Милиционер поправил лямку Андрейченко и сам надел свой брезентовый выцветший рюкзачок.
– Полет в больницу? – въедливо уточнял Семенов. – У нее есть связи? В Нижнем или Улан-Удэ?
– В полет к предкам, – откликнулся Андрейченко, криво улыбаясь. – Она ведь тоже…
– Что?
– Эвенк, наполовину.
Они вышли наружу, в солнечный синенебый и сверкающий снежными вершинами день. Дверь со скрипом закрылась.
– Вот и мы готовы, – сказал Андрейченко, берясь за козырек капитанки, кожаной черной фуражки с когда-то золотистым, а теперь потертым, поблекшим якорем, перевитым канатом, подаренной ему английским капитаном-яхтсменом. – Туда же, соответствующе…
И они споро зашагали по тропе среди камней и лишайников вниз, в долину, к морю, которое и увидели неожиданно через полчаса хода, когда тропа повернула вправо, – море густо сияло золотом далеко между синевато-зеленых гор. И у лесника Шустова слегка оцепенел затылок, будто некая сила на миг подняла его в воздух.
Часть вторая
«Не торопись, а то быстро проживешь», – говорила бабушка, энэкэ Катэ. И действительно – он прожил мгновенно. Крик протяжный журавлиный и тот дольше. Они кричали, над Ольхоном пролетая: «Круууыы! Круууыы!» Царь нерп на Ушканьих[10] их слушал. Медведь на побережье задирал морду. «Не называй его так, – учила бабушка, – говори: Лохматый».
– Откуда они летят, энэкэ?
– Из солнечной стороны, нэкукэ.
«Круууыы! Круууыыы!» – и прошла жизнь.
Счастливую судьбу дает Чалбон, Вечерняя звезда. Да не всем. Эвенкам нет счастья. Дедушка Миши пропал на охоте. Отец и мама утонули. И сам он отправился к устью.

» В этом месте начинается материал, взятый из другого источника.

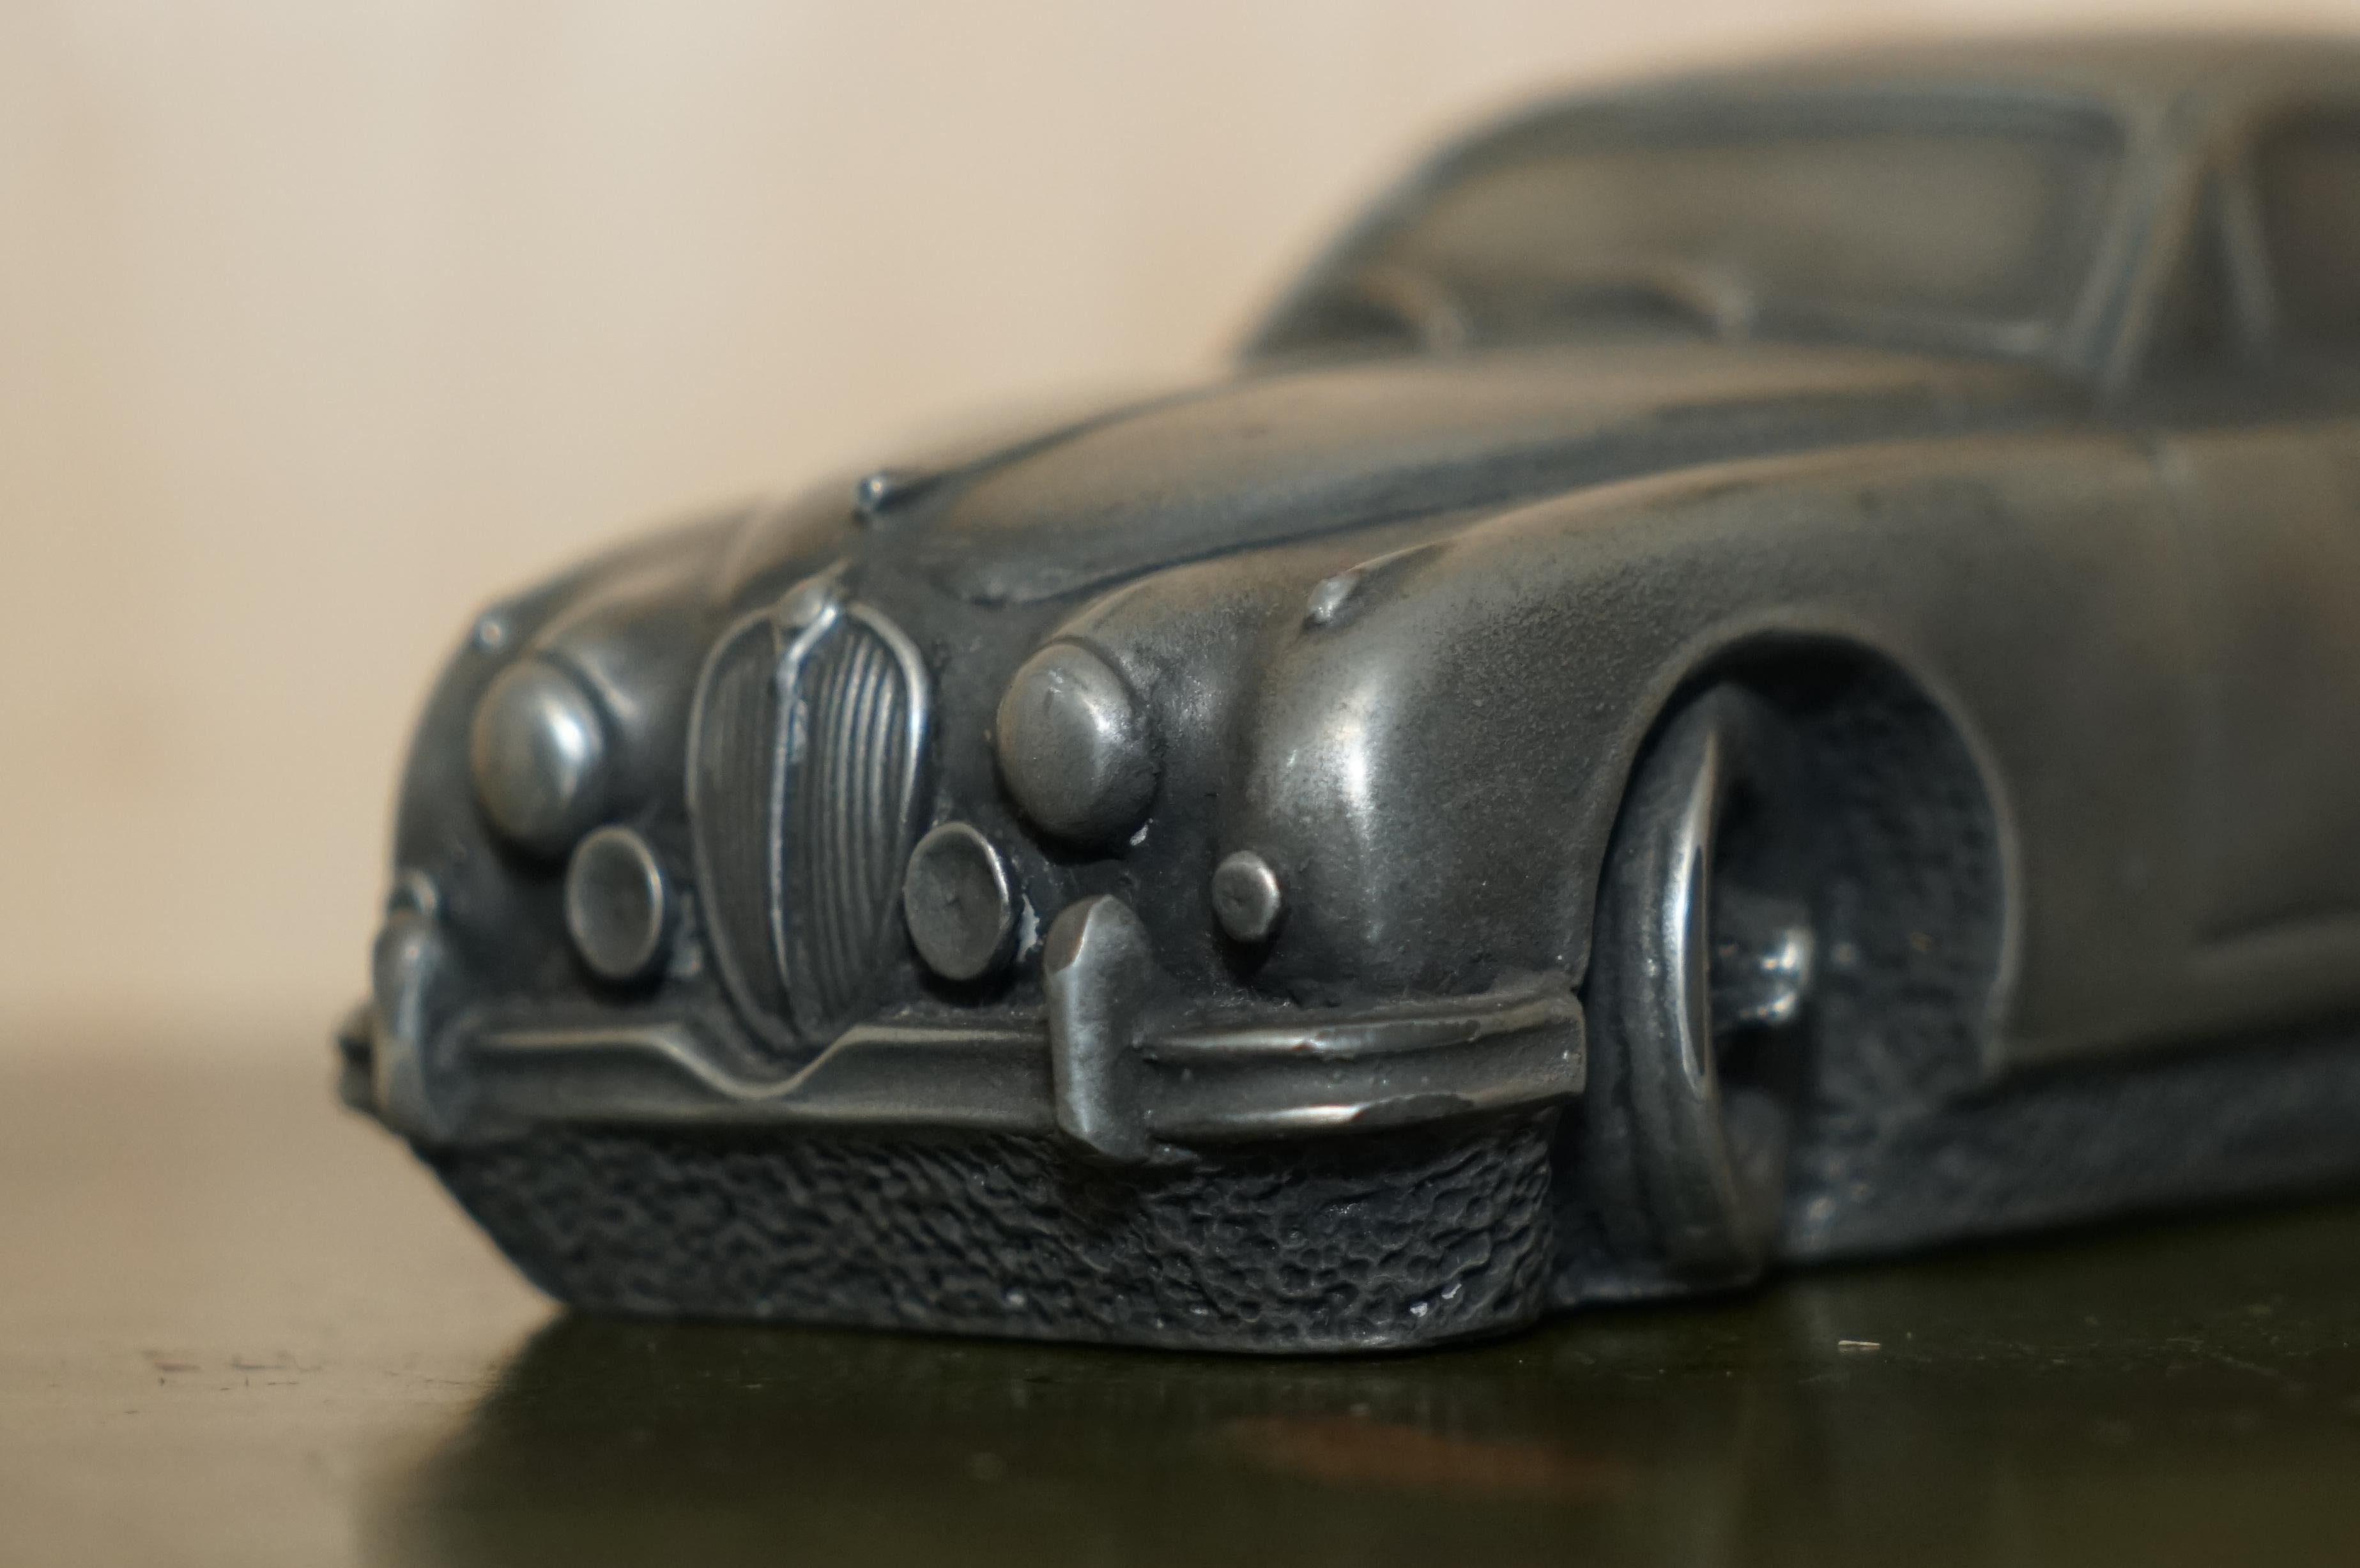 (a) Gallery Pewter Jaguar 1955-1959 Edition Mark i Car Must See Pictures en vente 12
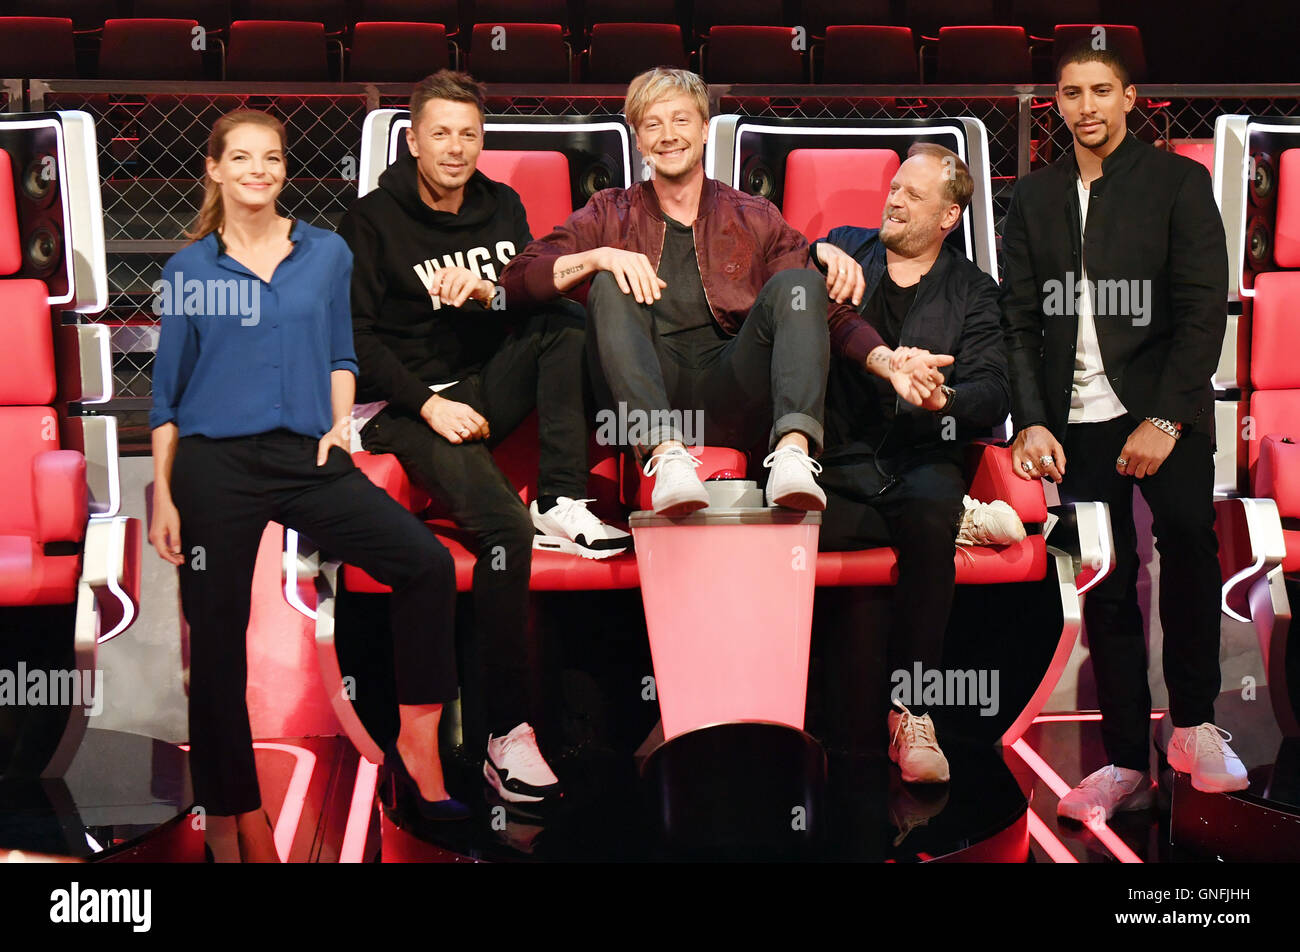 Berlin, Germany. 31st Aug, 2016. The jury for the 6th season of the music show The Voice of Germany - Yvonne Catterfeld (l-r), Michi Beck, Samu Haber, Smudo and Andreas Bourani pose during a press event at the Studio Berlin Adlershof in Berlin, Germany, 31 August 2016. PHOTO: JENS KALAENE/DPA/Alamy Live News Stock Photo

«Круууыыы! Круууыыы!» – и нет его. Только какой-то киночеловек остался. Так бабушка Катэ называла тех, кого видела по телевизору: киноилэ – киночеловек. И это случилось с ее внуком – нэкукэ Мишка стал киноилэ. Будто щелкнул переключатель, как выстрел, и все изменилось, началось кино. Такую сказку ему рассказывала бабушка, сморщенная, с черными глазками и большими руками. Про то, как бежал один богатырь, хотевший догнать голос в небе – девичий голос, – да уставал, задыхался, и вдруг споткнулся, ударился лбом о валун – и оторвался от земли, полетел железным уже ястребом, о-ё!
А Мише камень сам прилетел в лоб. И даже не камень, а звезда как будто. Звезда из хрусталя, как сосулька байкальская.
«Мишка, рисуй карту», – велели ему, дали уголь, хорошо выскобленной ровдуги[11] кусок, и Миша навис над нею.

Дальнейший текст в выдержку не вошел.